25. The equipment control apparatus according to claim 24, wherein the maximum discharge value is obtained when an actual power consumption of the consumer's facility needs to be controlled to fall within a predetermined variation range of an expected power demand.

26. The equipment control apparatus according to claim 24, wherein

the maximum discharge value is designated by an instantaneous power value.

27. The equipment control apparatus according to claim 25, wherein

the maximum discharge value is designated by an instantaneous power value.

28. The equipment control apparatus according to claim 24, wherein

the communicator obtains the maximum discharge value from the storage battery apparatus by transmitting a reading request of the maximum discharge value to the storage battery apparatus.
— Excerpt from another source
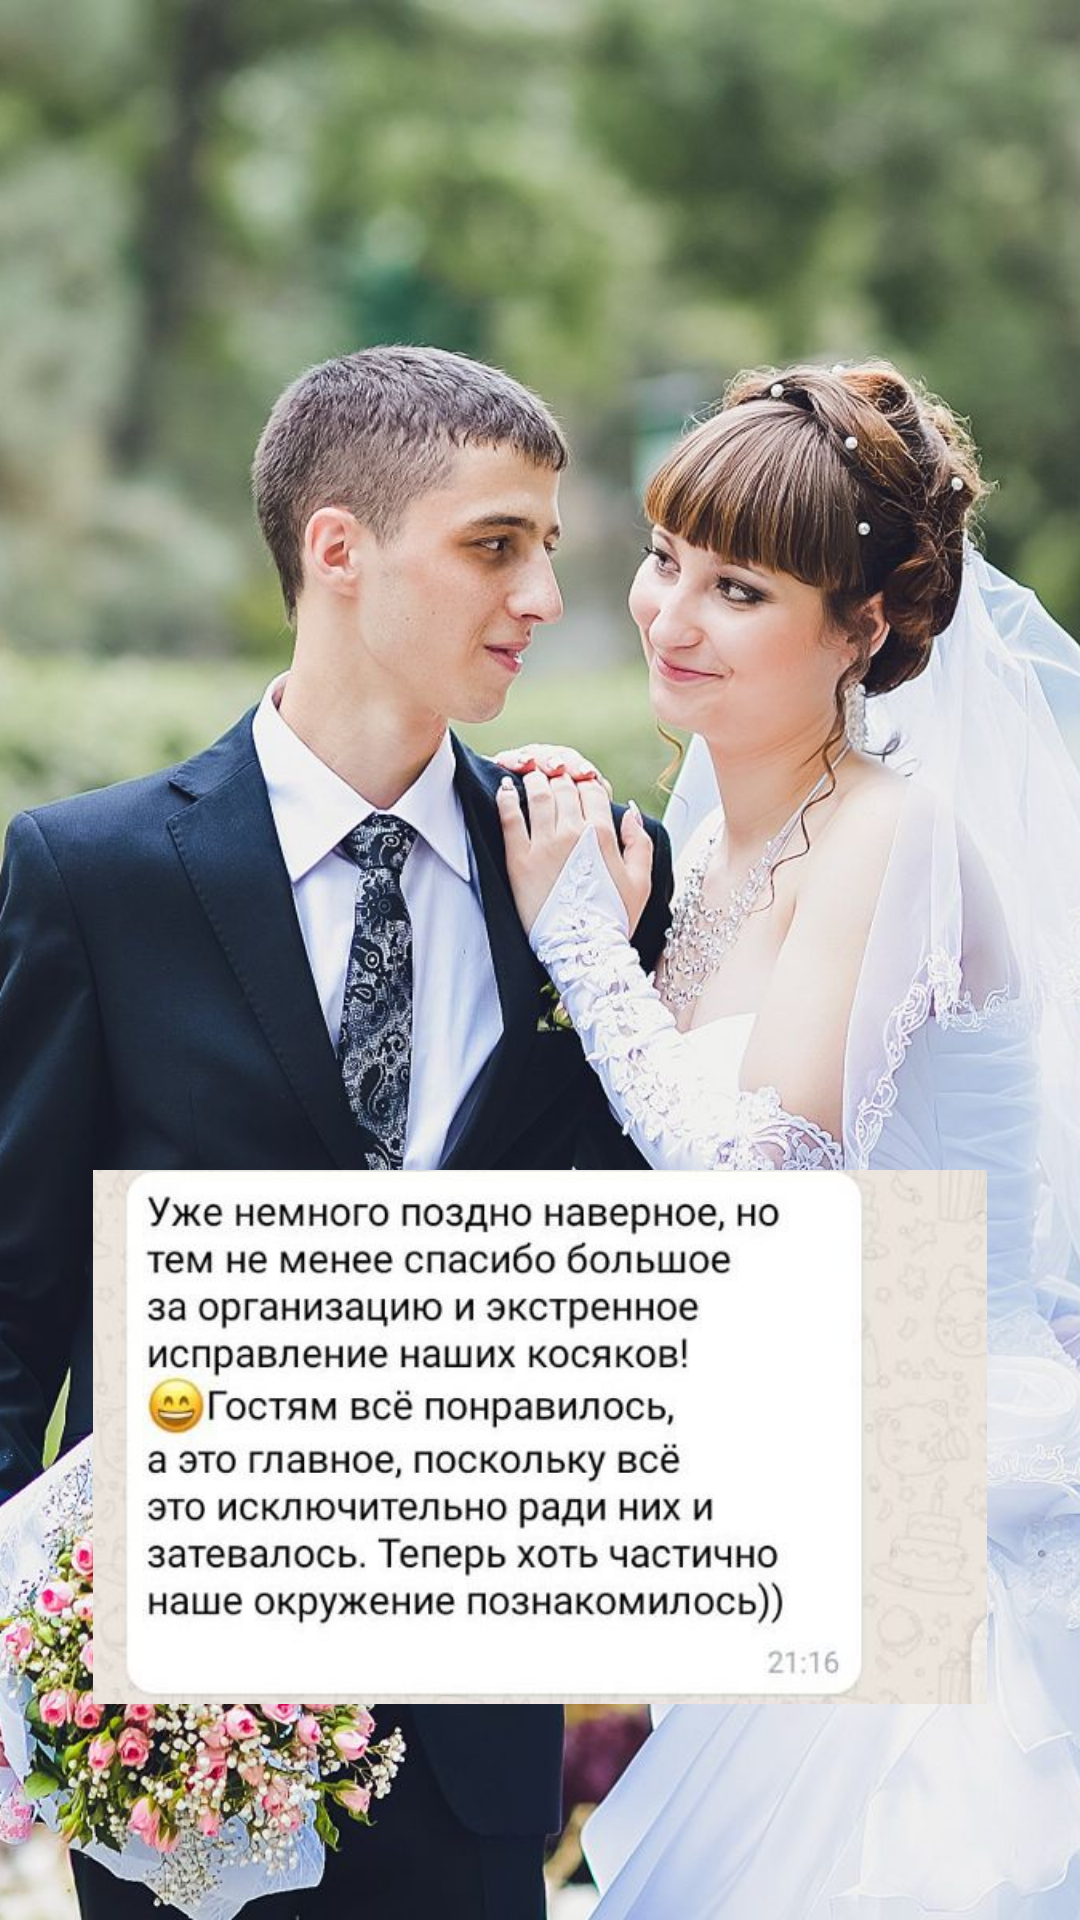 Организация свадьбы в Омске
от компании Pandaevent

29. The equipment control apparatus according to claim 25, wherein

the communicator obtains the maximum discharge value from the storage battery apparatus by transmitting a reading request of the maximum discharge value to the storage battery apparatus

30. The equipment control apparatus according to claim 26, wherein

the communicator obtains the maximum discharge value from the storage battery apparatus by transmitting a reading request of the maximum discharge value to the storage battery apparatus.

31. The equipment control apparatus according to claim 24, wherein

the communicator communicates with the storage battery apparatus in accordance with ECHONET Lite standards.

32. The equipment control apparatus according to claim 31, wherein

the maximum discharge value is a property corresponding to an equipment class of the storage battery apparatus.

33. A control method of controlling a storage battery apparatus provided in a consumer's facility and an equipment control apparatus that control the storage battery apparatus, the control method comprising:

executing, by the storage battery apparatus, load following discharge in which discharge power is adjusted according to power consumption of a load provided in the consumer's facility;

communicating, by the equipment control apparatus, in accordance with predetermined communication protocol to transmit a set request for requesting setting of the maximum discharge power in the load following discharge; and

executing, by the storage battery apparatus, the load following discharge at discharge power not exceeding the maximum discharge power based on the set request.